«Un bilancio solido con conti in ordine ed importanti prospettive di investimento, ma anche dettato da un grande senso di responsabilità». Così l’amministrazione comunale di Magione descrive la manovra finanziaria 2026-2028, approvata mercoledì scorso in Consiglio comunale.
Il sindaco Massimo Lagetti e l’assessora al bilancio Vanessa Stortini hanno tracciato un bilancio positivo degli obiettivi raggiunti nel 2025. «Gli obiettivi che ci eravamo posti per il 2025 sono stati realizzati – hanno riferito –. In particolare attraverso i numerosi finanziamenti ottenuti dall’Ente abbiamo potuto investire sulla scuola di Villa-Soccorso, San Feliciano e sull’asilo nido, come pure sulla digitalizzazione dell’Ente».

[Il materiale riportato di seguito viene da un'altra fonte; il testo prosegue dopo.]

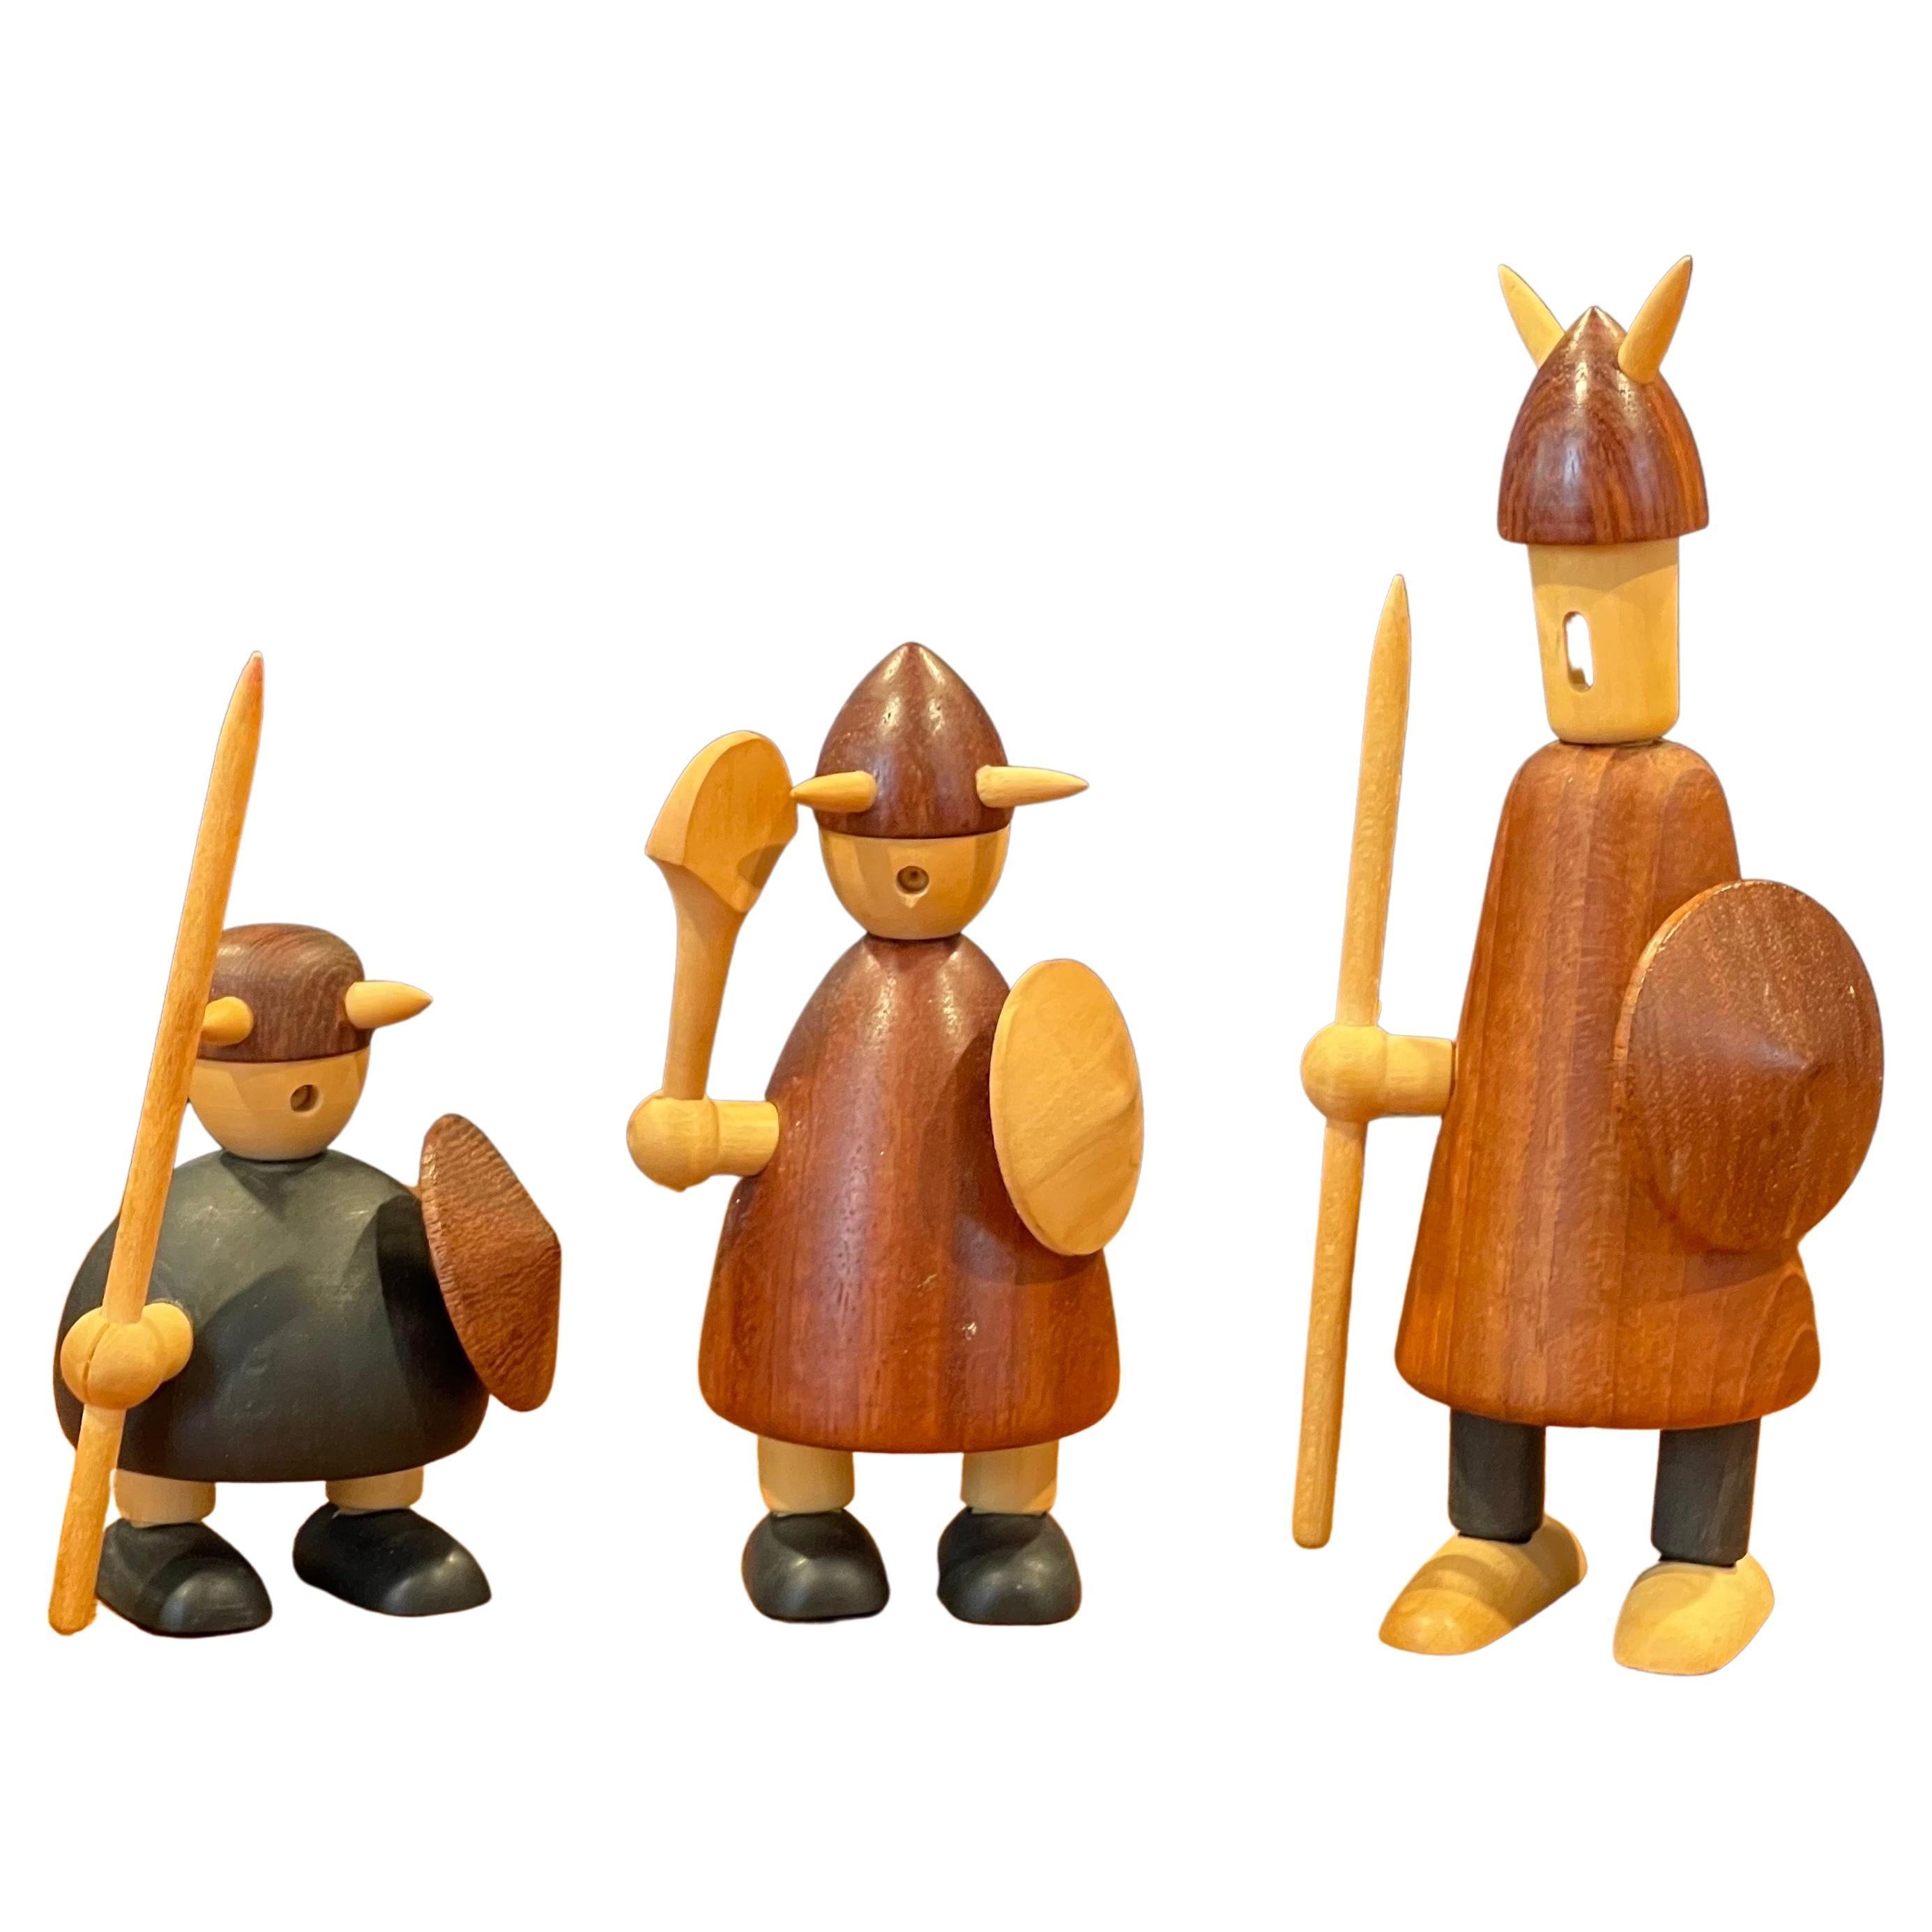 Set of three like new mid-century Danish viking figures made of mixed woods with original box by Jacob Jensen, circa 1950s. The figures are in excellent vintage condition and measure: 5.5

Tra i lavori completati spiccano quelli della Cittadella dello Sport: campi polivalenti, pista di atletica e copertura dei campi da tennis sono già ultimati, ad eccezione della pista di pump track. Gli interventi, realizzati con fondi ministeriali e una compartecipazione comunale del 20%, sono stati curati interamente da personale interno dell’ente.
Sul fronte delle entrate, si registra una sostanziale conferma dei trasferimenti erariali rispetto al 2025, mentre le aliquote Imu restano invariate con un gettito previsto di 2.939.000 euro contro i 2.920.000 del 2025. In crescita invece l’addizionale Irpef: il gettito previsto è di 1.635.708 euro nel 2026, per salire a 1.677.000 nei due anni successivi, rispetto ai 1.591.963 del 2025. «Uno sforzo voluto – hanno spiegato – per sostenere i redditi più bassi».

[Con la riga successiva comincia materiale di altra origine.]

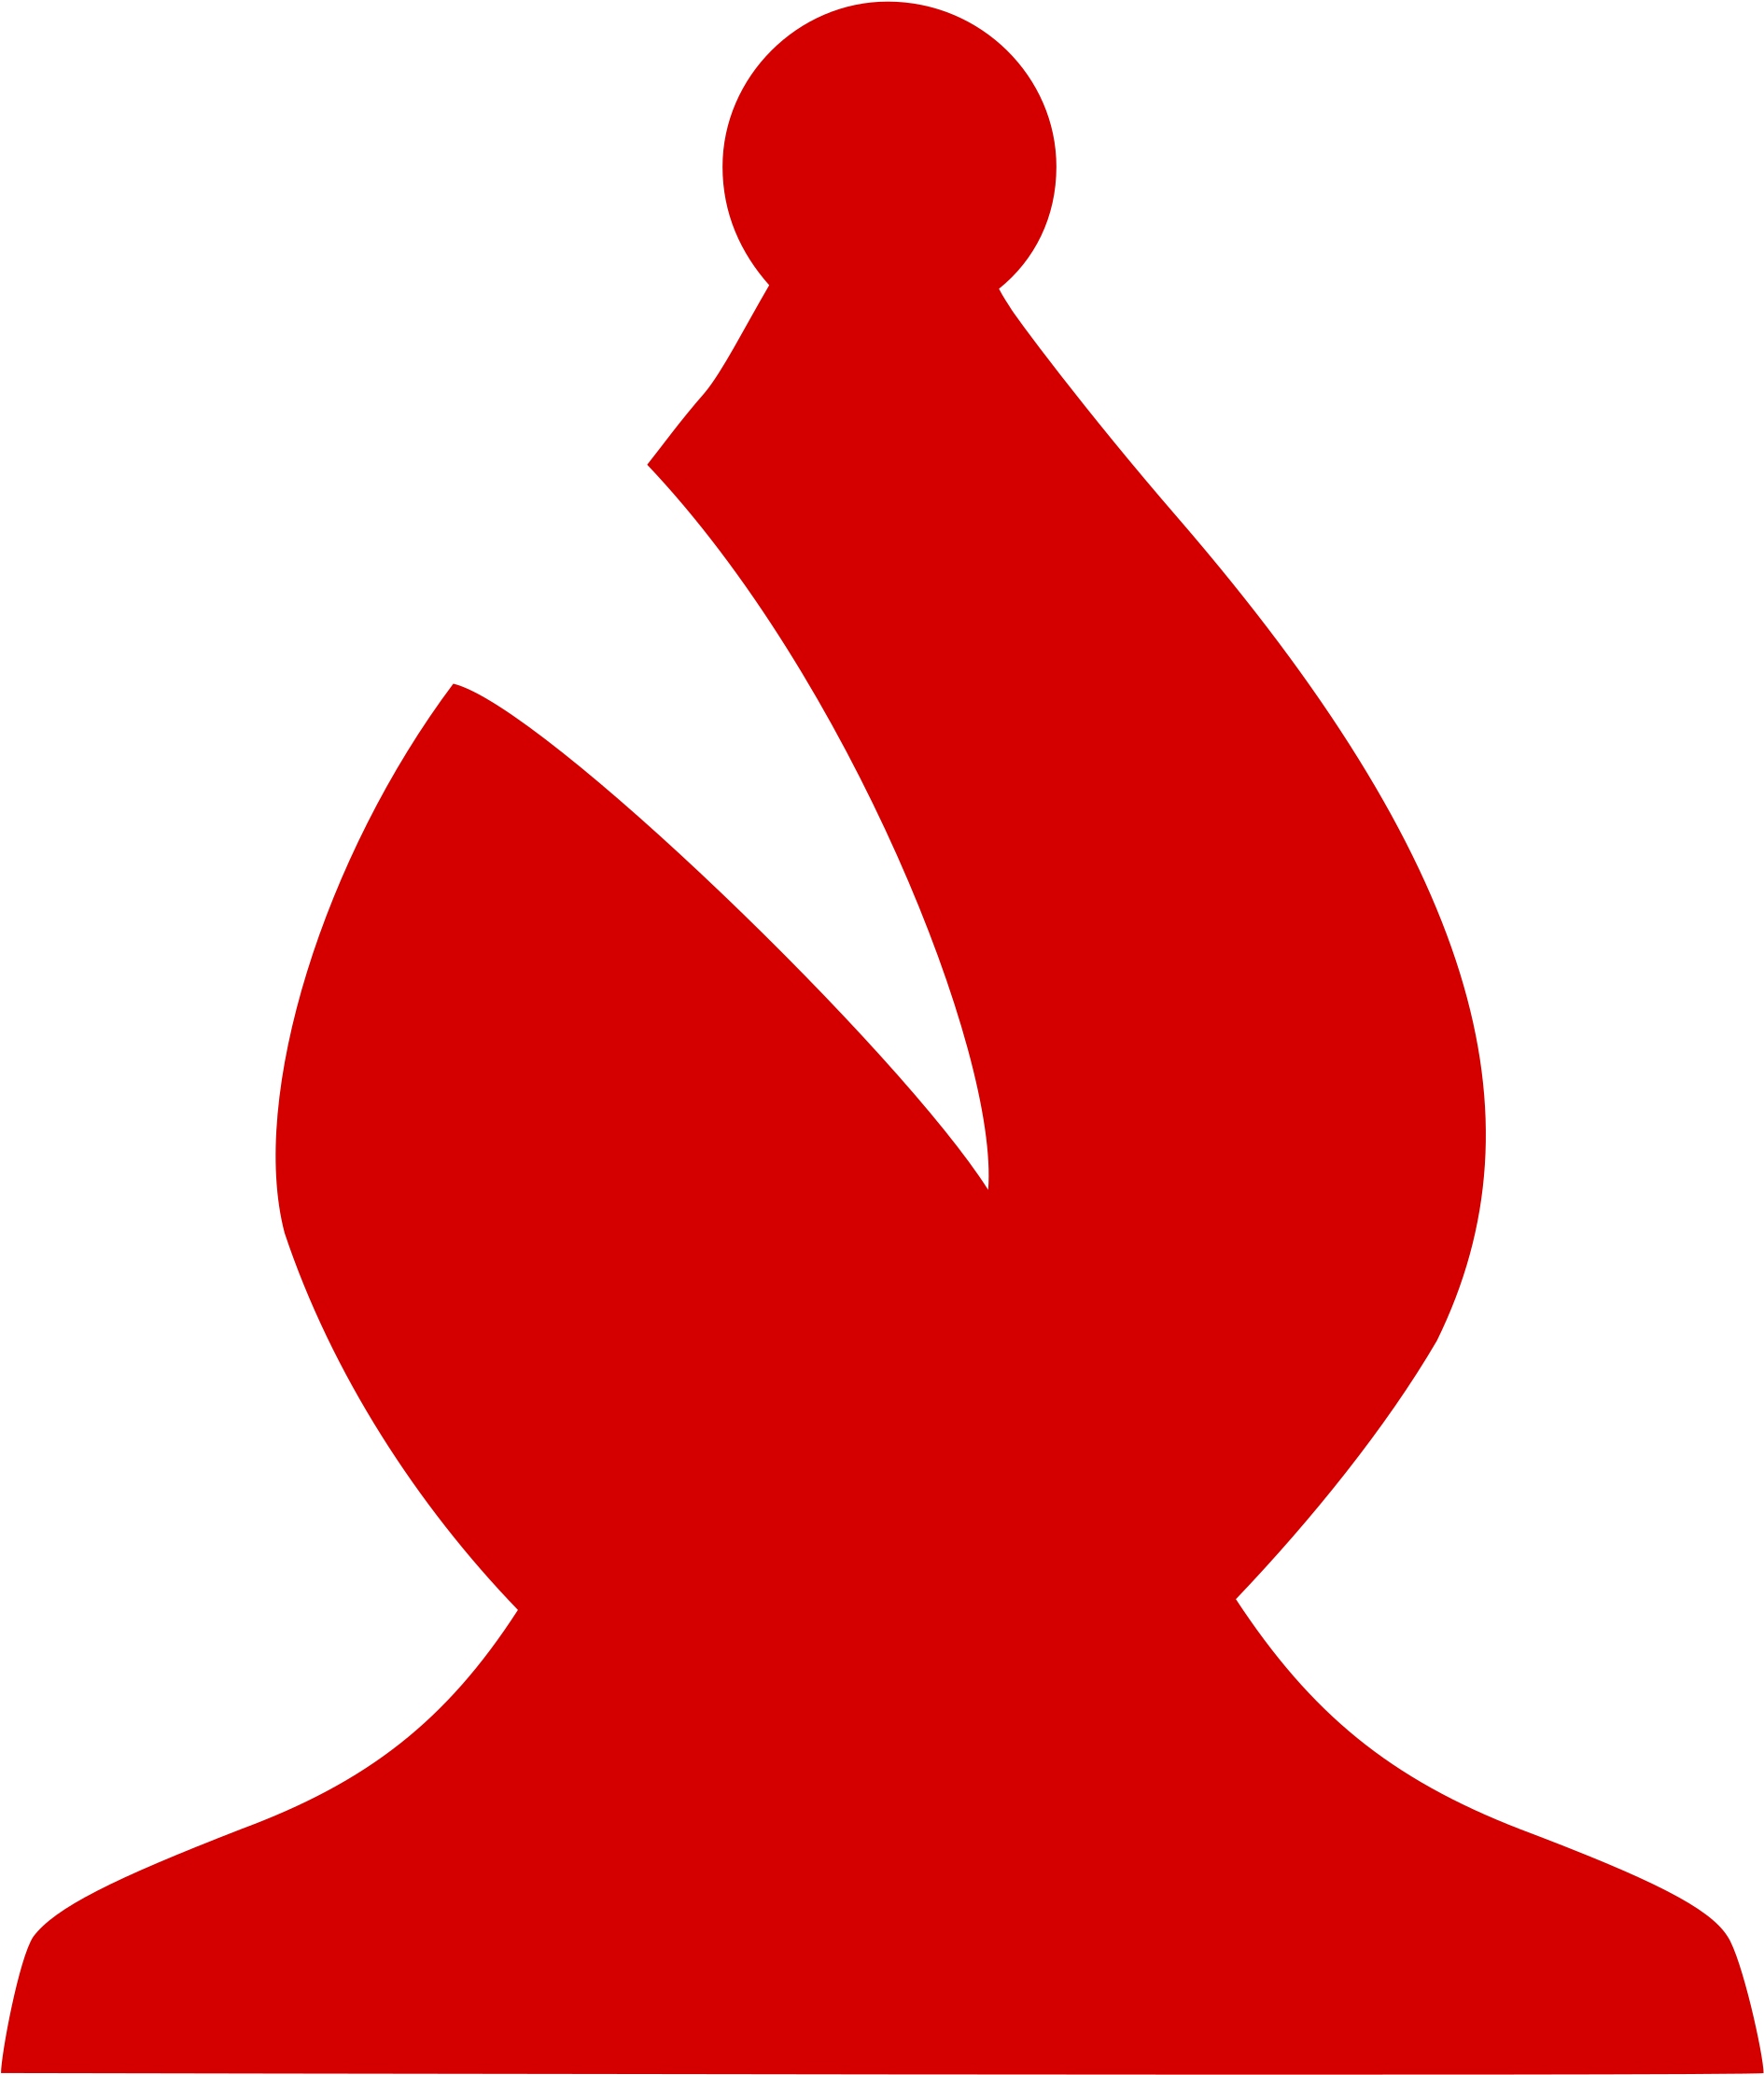 Chess Piece Silhouette - Red Bishop Chess Piece (2400x2400)

Le criticità non mancano: le decurtazioni della spending review impattano sul bilancio per 343.888 euro, mentre l’aumento generale dei costi dei servizi e l’incremento delle spese per il personale dovuto all’adeguamento del contratto nazionale riducono la capacità di spesa corrente.
«Un bilancio solido, con importanti prospettive di investimento – concludono Lagetti e Stortini – ma anche dettato dalla responsabilità. Questo perché le risorse per sostenere la spesa corrente, quella che serve a garantire i servizi, sono in diminuzione, erose dall’aumento dei costi soprattutto energetici».
L’amministrazione ha evidenziato come dal 2025 al 2029 gli enti locali dovranno accantonare complessivamente 2 miliardi di euro per la spending review, di cui 562.104 a carico del Comune di Magione. «I fondi del PNRR, dei quali il nostro Comune ha saputo intercettare tante risorse, sono stati l’unico strumento che ha reso possibile la realizzazione di importanti investimenti – hanno aggiunto –. Con risorse sempre più limitate, pertanto, l’Amministrazione è costretta a darsi delle priorità, pianificando a più lungo termine ciò che non si riesce a soddisfare nell’immediato».